Sixteen percent of soybean fields are turning color, trailing last year’s 40 percent and the five-year average 33 percent. Leaves have begun dropping in scattered fields across Iowa. Soybean condition is reported at 4 percent very poor, 9 percent poor, 25 percent fair, 48 percent good and 14 percent excellent.
Third cutting alfalfa hay harvest advanced to 85 percent complete, ahead of last year’s 79 percent and the normal 74 percent. The condition of the hay crop is reported at 7 percent very poor, 16 percent poor, 33 percent fair, 38 percent good, and 6 percent excellent.
Pasture and range condition rated 9 percent very poor, 21 percent poor, 33 percent fair, 31 percent good, and 6 percent excellent. Precipitation and cooler temperatures are stirring late pasture growth. Livestock conditions are generally good with a few reports of face flies still on cattle.

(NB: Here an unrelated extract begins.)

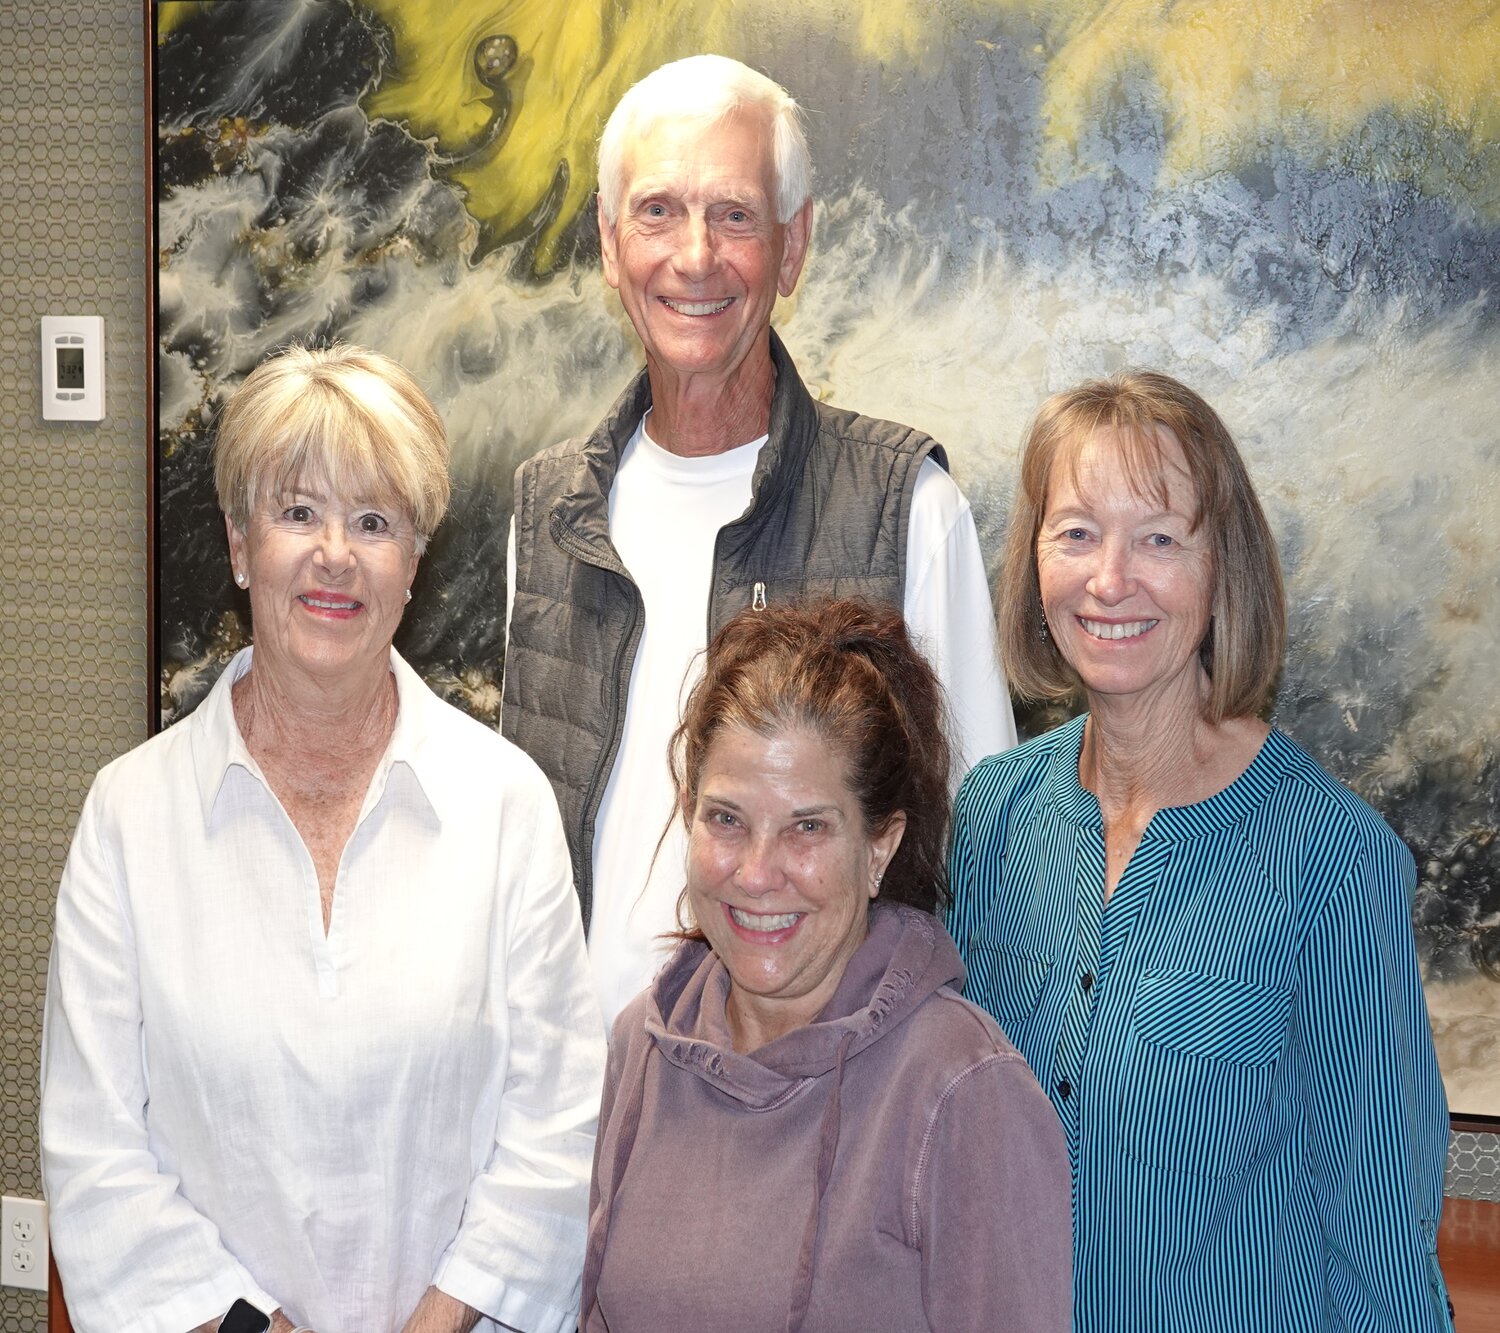 The new Valley of the Sun Ski Club officers are, from left, Judy Ainsworth of Surprise as president, Don Larsen from Sun City as treasurer, Koni Hohnbaum from Pebble Creek as communications and Sandy Tiedeman from Sun City West as secretary.

IOWA PRELIMINARY WEATHER SUMMARY
Provided by Harry Hillaker, State Climatologist, Iowa Department of Agriculture & Land Stewardship
Iowa enjoyed two statewide rain events this past week. Tuesday (30th) brought the state’s most widespread rain since the night of June 26 with a statewide average of 0.68 inches. Tuesday’s rains were a nice slow soaker in most areas with greatest amounts of one to two inches from southwest, through central, into northeast Iowa. Even more rain fell on Friday (2nd) and Saturday (3rd) with a statewide average of 0.90 inches. Heaviest rains with the weekend event of one to two inches fell across central and east central areas. Unfortunately, the rain on Friday was accompanied by high winds and some hail over far northern Iowa during the morning and again from west central to northeast Iowa during the evening hours. A pair of isolated severe storms also were reported in southeast Iowa on Saturday afternoon. Rain totals for the week varied from 0.22 inch at Sioux City Airport to 4.49 inches near Stanley in Buchanan County. The statewide average rainfall was 1.58 inches while normal for the week is 0.89 inch. This was Iowa’s wettest week in ten weeks. Meanwhile temperatures were near to slightly below normal on Monday and Tuesday while unseasonably warm weather prevailed from Wednesday through Friday (and also into Saturday over the far southeast). Much cooler weather returned over the weekend. Temperature extremes varied from a Thursday (1st) afternoon high of 102 degrees at Keokuk to a Sunday (4th) morning low of 44 degrees at Sibley. Temperatures for the week as a whole averaged from 2 degrees above normal over the northwest to as much as 6 degrees above normal over the far southeast where highs in the mid 90s or above were recorded from Wednesday through Saturday. The statewide average temperature was 3.8 degrees warmer than normal.